Māori vaccination effort goes door-to-door in Taranaki

10:05 pm on 25 November 2021

Groups of rangatahi are going door-to-door in towns and suburbs with high Māori populations in Taranaki in an effort to boost flagging vaccination rates.

Stephanie Kettle

Stephanie Kettle Photo: Robin Martin

About 77 percent of Taranaki Māori have had a first dose, but only 61 percent are fully vaccinated.

That compares to 89 and 78 percent respectively for the general population.

RNZ joined Stephanie Kettle of a kaiārahi or connectors group as they door knocked in Waitara.

She explained their approach.

"So we're just going around doing a covid-19 recovery response. Just checking up on our local whanau in Waitara and seeing how they are doing.

"Just their general well-being and welfare of their home and double-checking if they've had their vaccinations, and if not finding out some of their reasons for that and whether we can assist with those."

The 36-year-old said the response so far had been great.

"To start off with we were a bit hesitant and unsure about how it was going to go, but it's been a real good positive experience for us I've found.

"The majority of our Waitara community have got their vaccinations and those that haven't were still willing to have those conversations if they were unsure."

Stephanie Kettle outlines the kaiārahi group's work to Carmen Russell and daughter Elsie Teranga.

Stephanie Kettle outlines the kaiārahi group's work to Carmen Russell and daughter Elsie Teranga. Photo: Robin Martin

Kettle said it made a difference that the messages were being delivered by people born and bred in Waitara.

Carmel Russell, who was home with her three-year-old daughter Elsie Teranga, was one of those that came to their door.

She was vaccinated, but appreciated the call anyhow.

"Yeah I was kinda surprised that they came around, but it also felt really nice that people were out there caring for us, you know, someone was keeping an eye on us."

Russell reckoned this kind of approach could help reach the unvaccinated.

"I think people need conversations and quite personal conversations to work out their status on it I think.

"I do think it will work and I think it needs to be people from the community and possibly the groups that are less vaccinated need to be talking to each other to make it happen."

At 19, Awanuiarangi Wano was one of the youngest kaiārahi.

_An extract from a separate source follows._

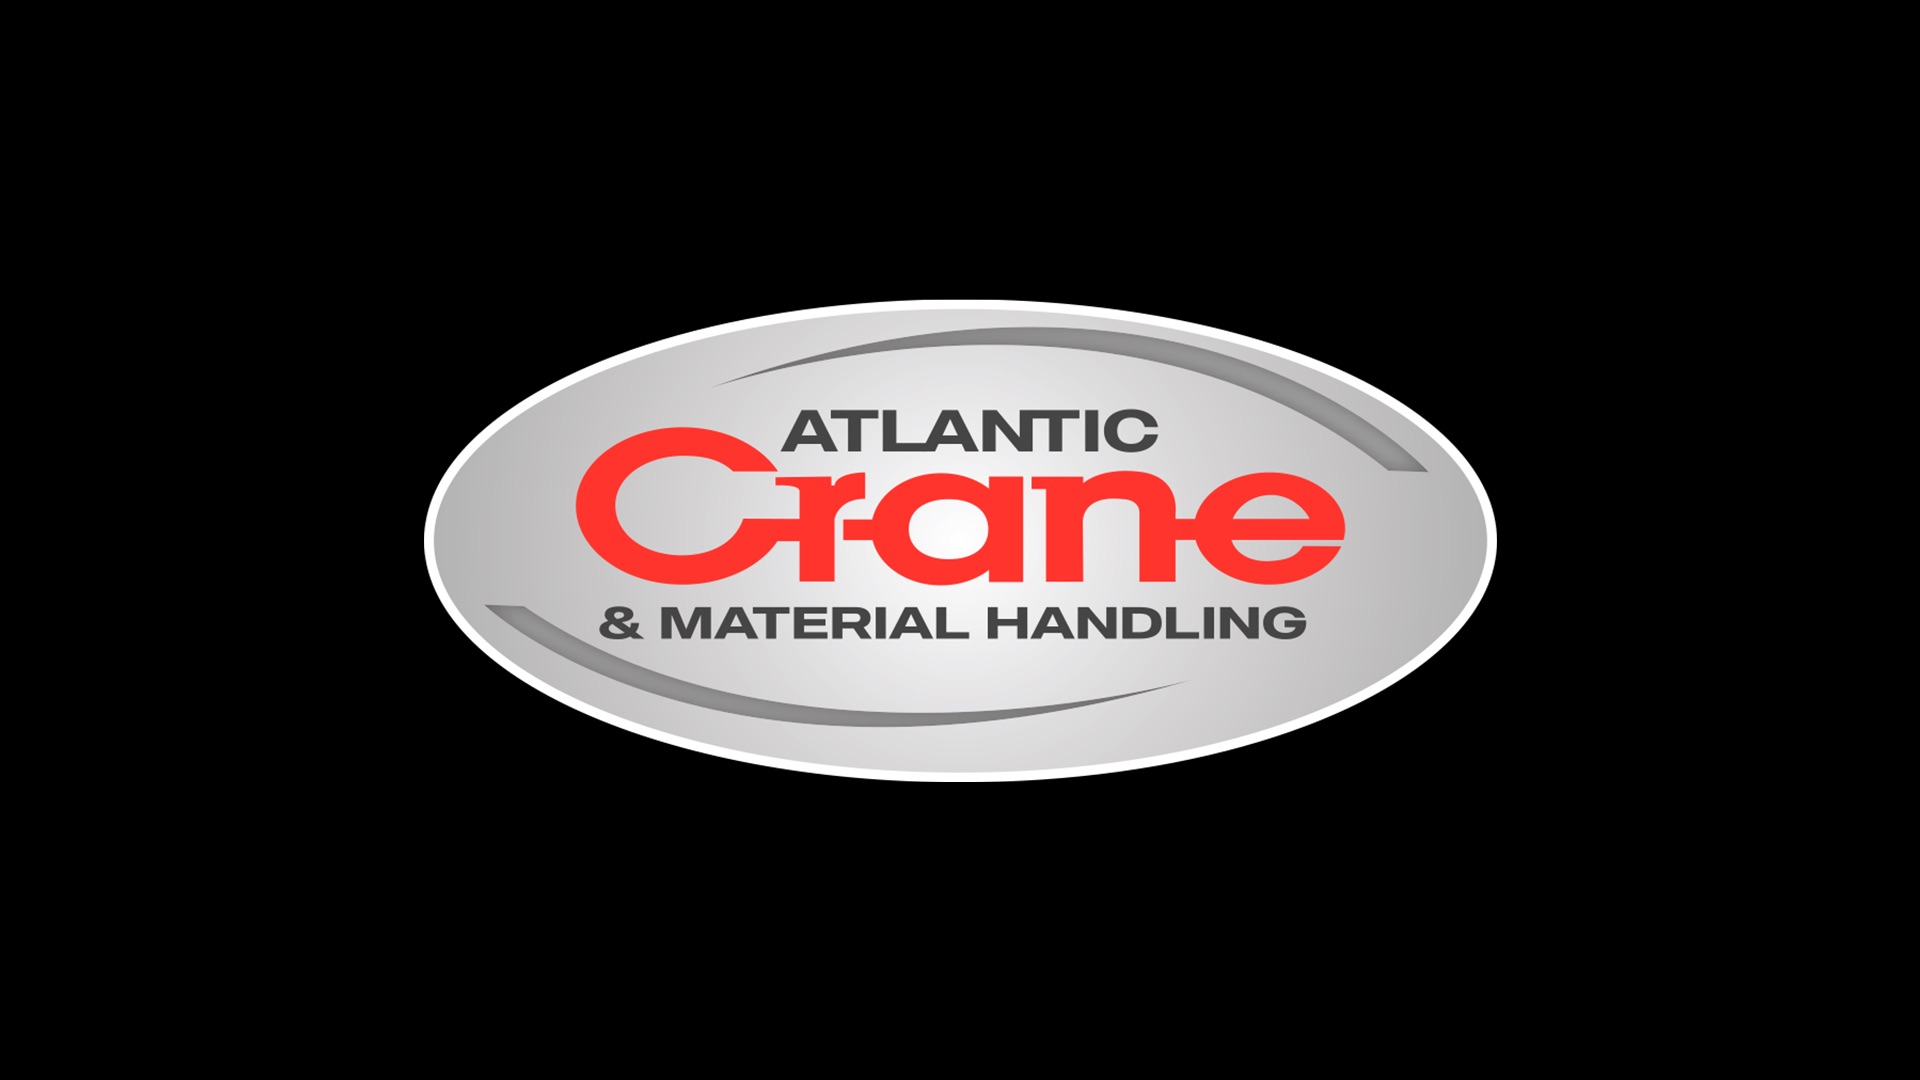 Atlantic Crane & Material Handling
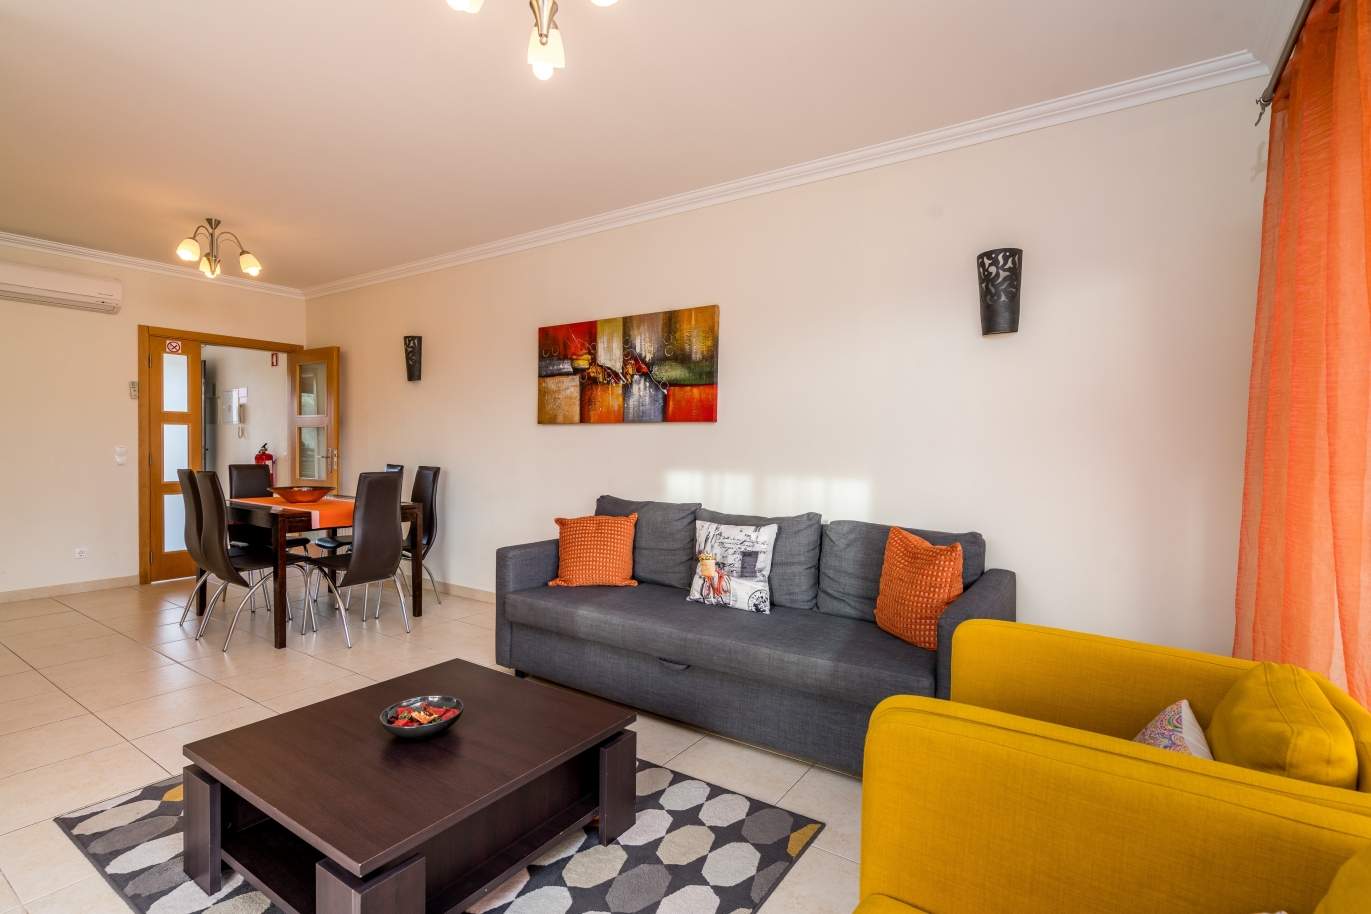 Sale of villa in private condominium in Albufeira, Algarve, Portugal_126884

He said he could offer something different to the vaccine rollout.

"A different view and a different was of talking to them I would say, so coming in from a different angle as you trying to approach them.

"A different voice instead of always listening to the same voice, so I think having a younger person that has experience it [vaccination] and has gone through it is really important for them to see."

He reckoned it was easier for him to challenge another young person about disinformation that they'd picked up online.

Emere Wano

Emere Wano Photo: Robin Martin

Emere Wano is a member of the Nga iwi o Taranaki covid recovery group - Te Aranga - which are supporting the kaiārahi groups.

They are also operating in Ōpunake and Okato, and will soon start up in the New Plymouth suburbs of Spotswood and Marfell.

Wano said they were a joint initiative involving the region's Maori health providers, the district health board and Pinnacle Health, and now had access to street-by-street data, which was allowing them to target their efforts reaching unvaccinated Māori and Pakeha.

"And that focus is on not so much those that are not interested. We're not even going there now. We're focused on those that are interested, but haven't made that final shift yet.

"And that for us - from the data that we've been collecting - is about 15 or 16 percent, so that's still a really good percentage of people here in Waitara we can still reach."

Wano said the vaccination was only one thrust of the kaiārahi's work.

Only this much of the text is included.